What proof do you get?
For each model call routed through clawproxy, you receive gateway receipts that can be independently checked for integrity. This is the core evidence for “what the model was asked” and “what it returned” at the time of execution.
A proof bundle packages those receipts together with job metadata so you can answer audit questions without scraping logs. In practice, teams store proof bundles with change approvals, and optionally publish a Trust Pulse artifact when they need a durable record for reviewers.
The approval boundary is also provable: the CST is minted with a scope hash and can optionally pin to a WPC hash. That creates a tight linkage between “what was approved” and “what was allowed to run,” even if prompts or skills change.
Rollback posture
Rollback in agent systems is less about reverting code and more about quickly shrinking permissions and stopping unsafe execution. The artifacts here support “fail closed” defaults: if verification fails, the job should not gain more capability.
| Action | Safe rollback | Evidence |
|---|---|---|
| Bad tool behavior discovered mid-run | Issue a new, tighter WPC and require a new CST for continued execution; stop issuing CST for the old policy. | WPC hashes show exactly when the policy changed; proof bundle shows which policy was active for each job window. |
| Suspected credential leak | Revoke CST (via clawscope) and rotate upstream credentials; rerun the job under a new WPC with narrowed scope. | CST issuance and revocation events plus job-scoped binding reduce ambiguity about what could be replayed. |
| Model output dispute or incident review | Freeze the proof bundle and share it with incident responders; do not rely on reconstructed prompts from chat logs. | Gateway receipts provide a signed record of model calls; proof bundle ties receipts to a specific run. |
| Local host exposure concerns | Move execution to OpenClaw sandbox mode for that agent profile and remove elevated allowances until reviewed. | OpenClaw configuration and audit outputs document the effective sandbox and tool policy posture. |
FAQ
Why isn’t a “please ask for approval” prompt sufficient?
Because the model can be persuaded to ignore it, and the runtime cannot verify that the prompt was followed. A WPC plus CST makes the approval decision part of the authorization path, not part of a conversation.

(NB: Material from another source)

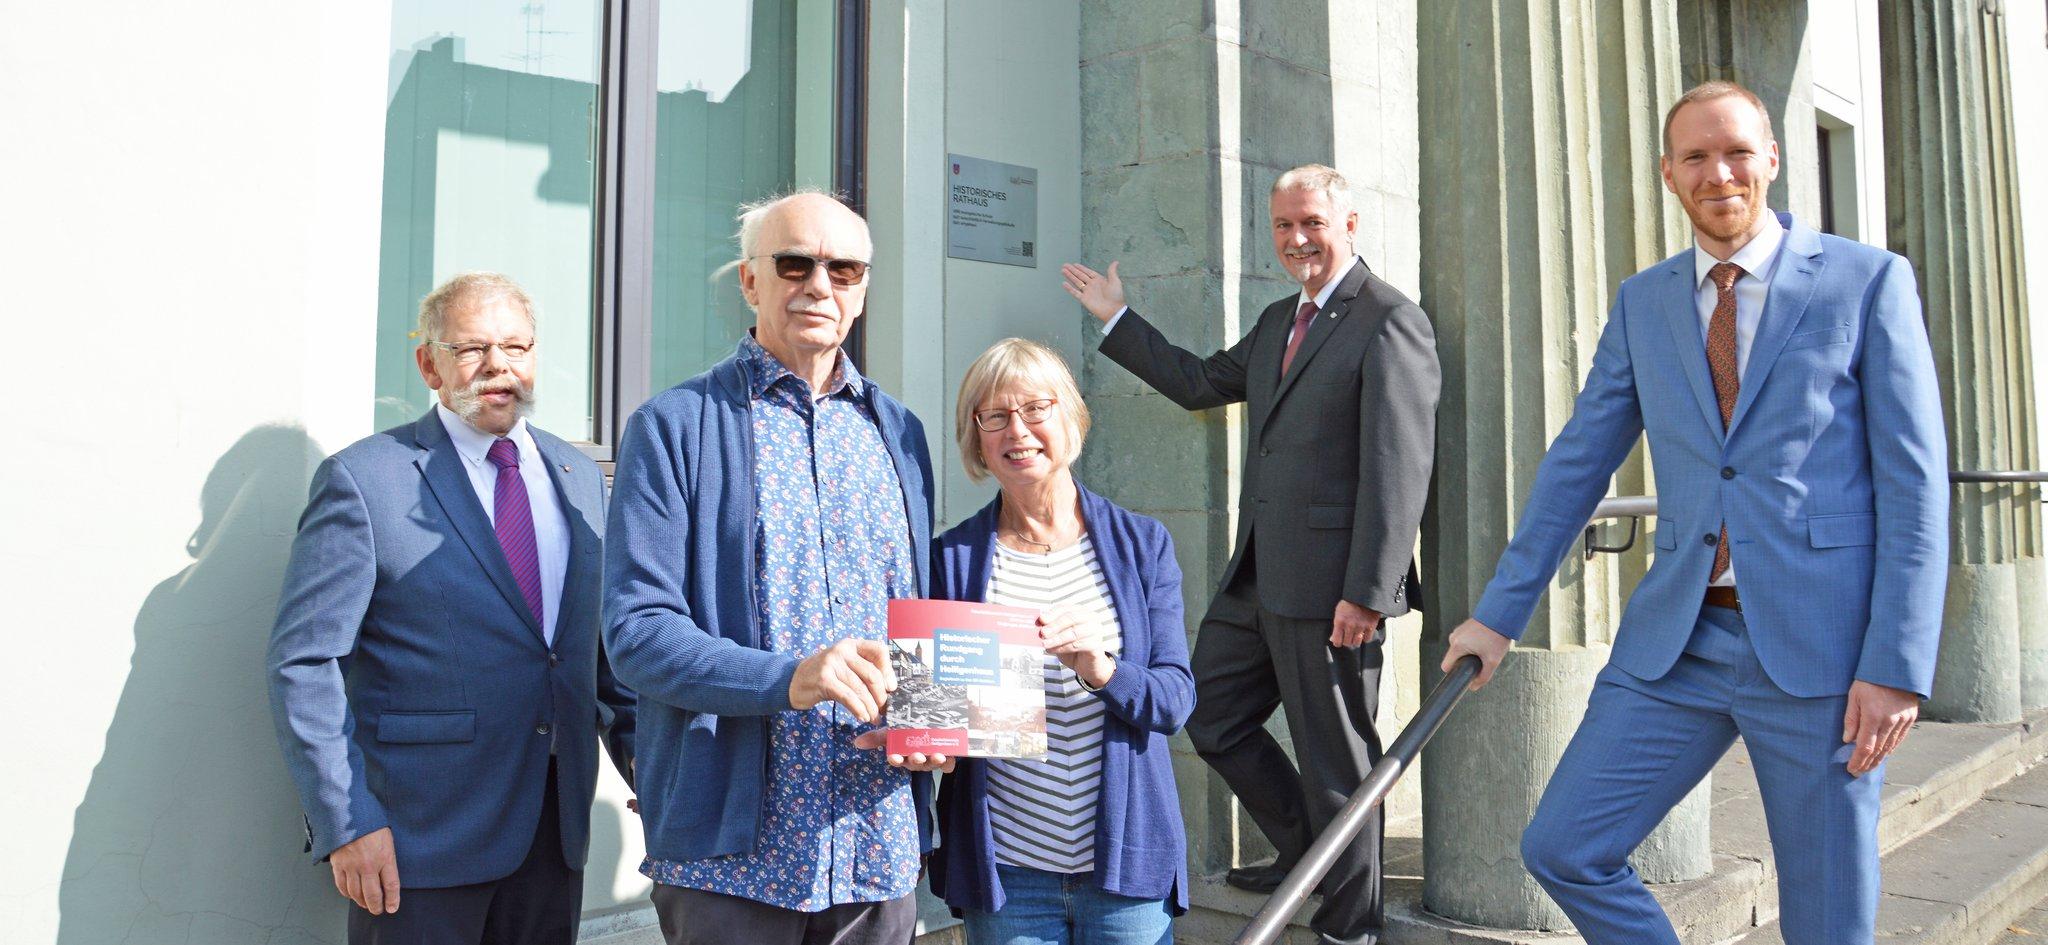 Municipal , Construction and Equality of Country NRW: Heiligenhauser Geschichte wird modern aufbereitet - Heiligenhaus...

How do WPC and OpenClaw tool policy relate?
OpenClaw tool policy and sandboxing are local controls that limit what tools can run and where they run. WPC is the portable, signed contract that lets your platform enforce and audit the intended permissions across jobs and environments.
What should we pin in the CST: scope hash, policy hash, or both?

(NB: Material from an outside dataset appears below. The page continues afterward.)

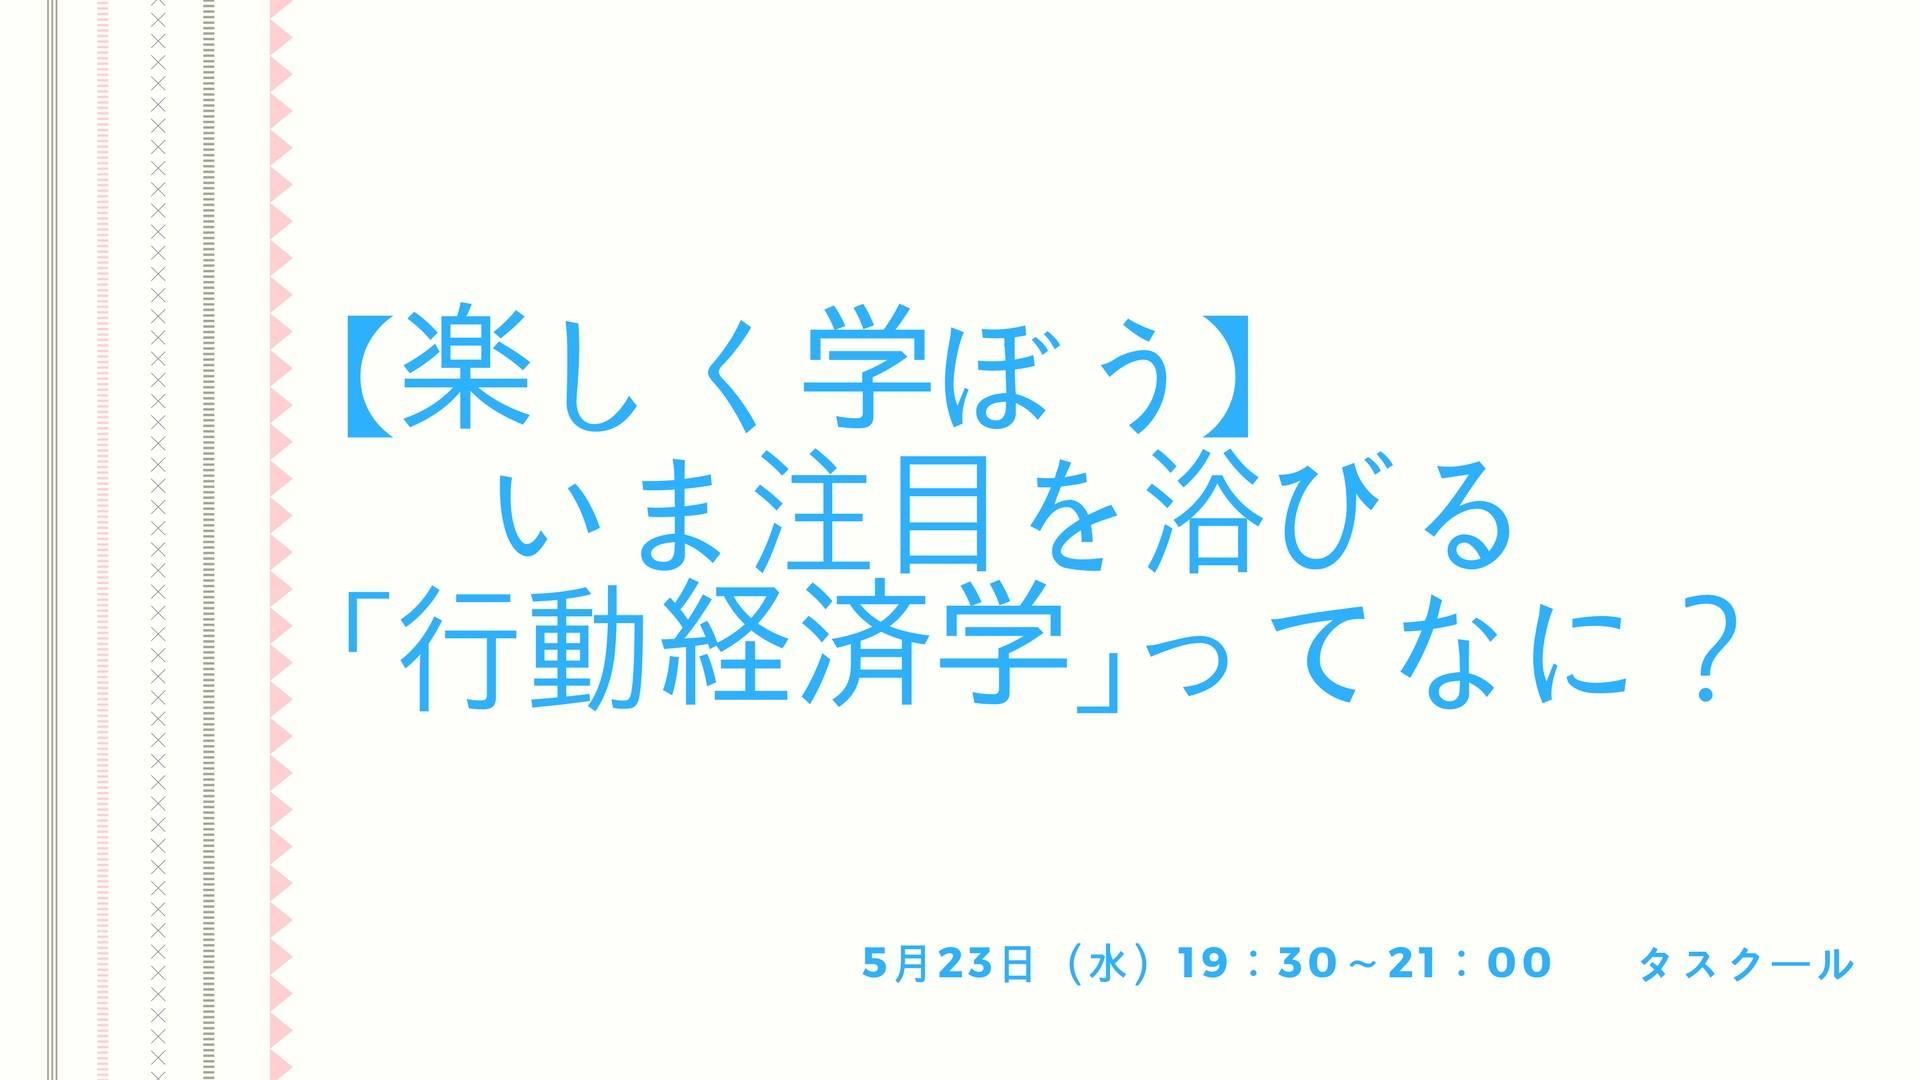 5/23【楽しく学ぼう】いま注目を浴びる「行動経済学」って何?

Start with scope hash to keep tokens minimally privileged. Add policy hash pinning when you need stronger guarantees that a job cannot switch policies without re-approval.
Do gateway receipts capture everything the agent did?
No. Gateway receipts cover model calls routed through clawproxy, which is often the critical evidence during reviews. Tool execution evidence is typically handled by the runtime and your logging pipeline; the proof bundle is the container that keeps model-call evidence and run metadata together.
Can we align this with enterprise approval patterns like deployment checks?
Yes, conceptually. Many teams map WPC signing and CST issuance to the same governance expectations as pipeline approvals and checks, where the approval gate is not editable by the job itself.